Поль Гоген был пятью годами старше Винсента; как и Винсент, он поздно сделался профессиональным художником. Детство Гогена прошло в Южной Америке — в Перу; в юности он был матросом и плавал по южным морям; потом, в Париже, стал банковским служащим, коммерсантом, в отличие от Винсента довольно удачливым. Одновременно он занимался живописью, но только в 35 лет, оборвав служебную карьеру, отдался живописи целиком, со всеми вытекающими отсюда последствиями — необеспеченным полуголодным существованием и выброшенностью из общества. Он бедствовал больше Винсента, когда они познакомились в Париже, хотя изредка, с помощью того же Тео, ему удавалось продавать свои работы.

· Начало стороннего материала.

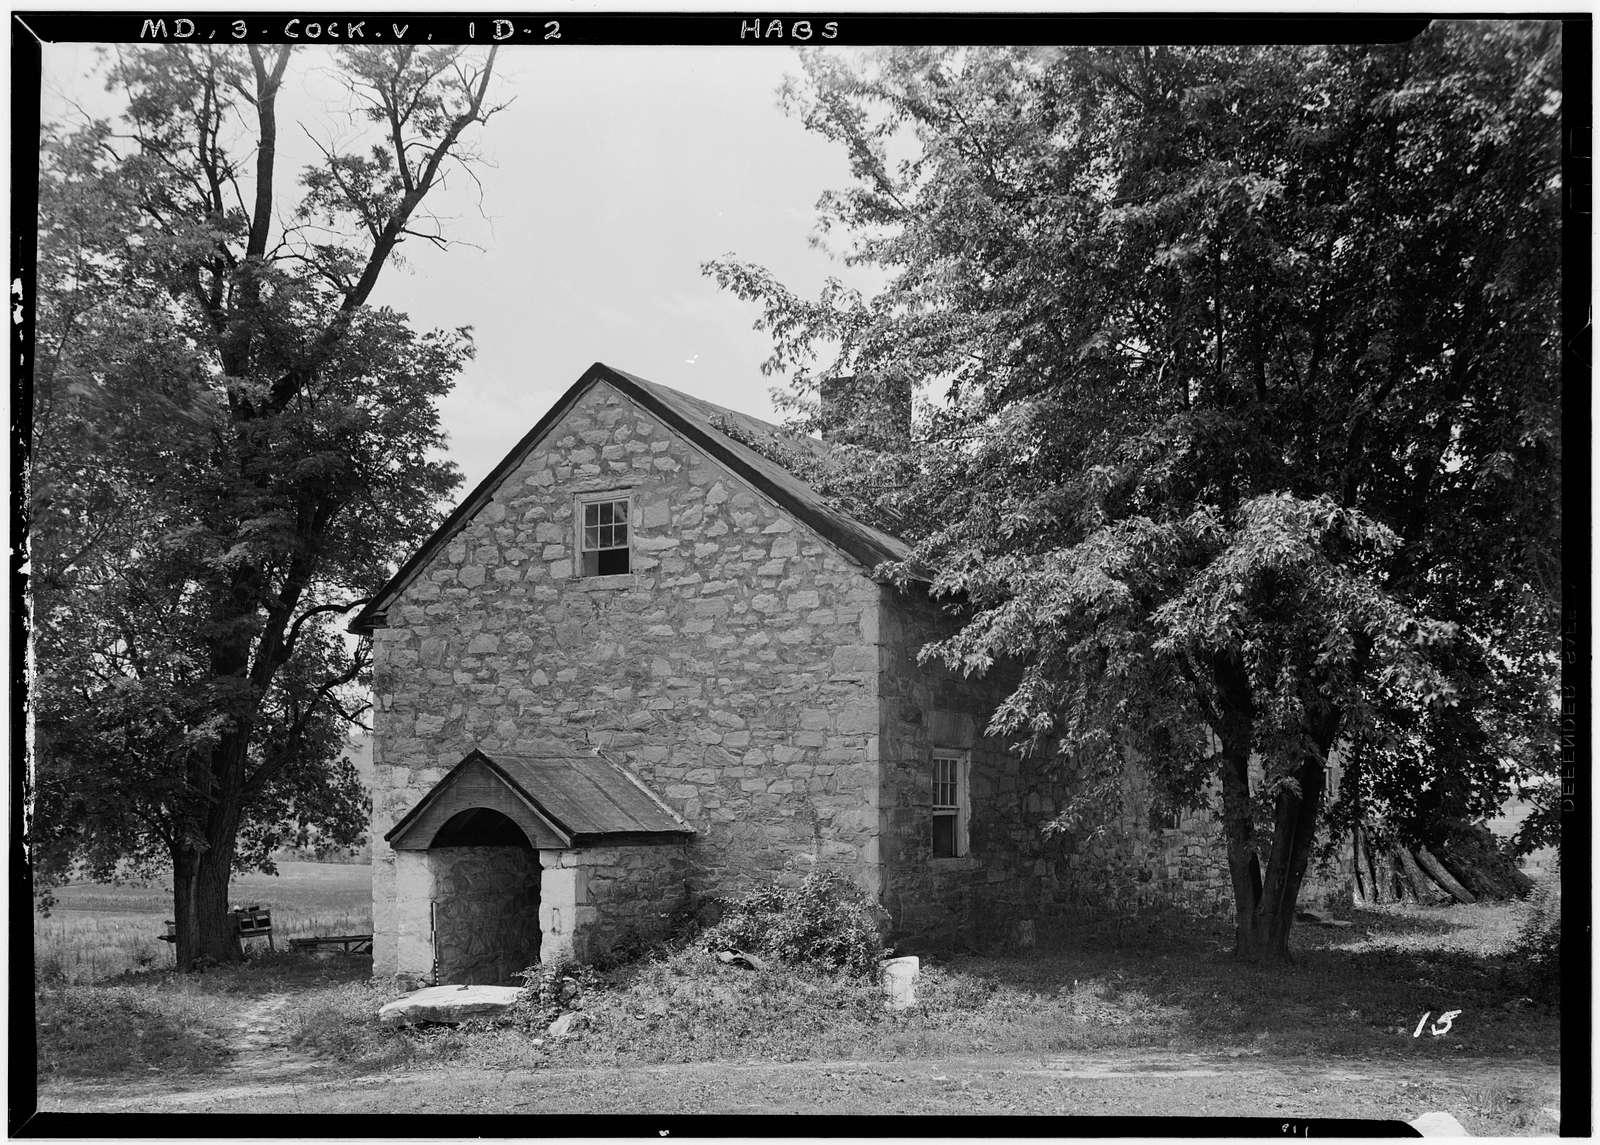 Hayfields Farm Buildings, Worthington Valley, Cockeysville, Baltimore County, MD

«Лед и пламень», романтика южных морей и рассудочность коммерсанта уживались в сложной натуре Гогена, обладавшей своеобразным магнетизмом. Это был человек высокомерный и властный, умеющий подчинять: даже пользуясь чьим-либо покровительством, он держался так, будто сам оказывал покровительство. Всегда около него был кто-нибудь, безмерно им восхищавшийся и порабощенный его сильной волей: то Лаваль, рабски подражавший манере Гогена, то скромный живописец Шуфенеккер, певший ему дифирамбы, то Мейер де Хаан, оплачивавший его расходы, которого впоследствии Бернар назвал «учеником и слугой» Гогена, то, наконец, сам Эмиль Бернар — в описываемое время он благоговел перед Гогеном, хотя позже с ним рассорился навсегда.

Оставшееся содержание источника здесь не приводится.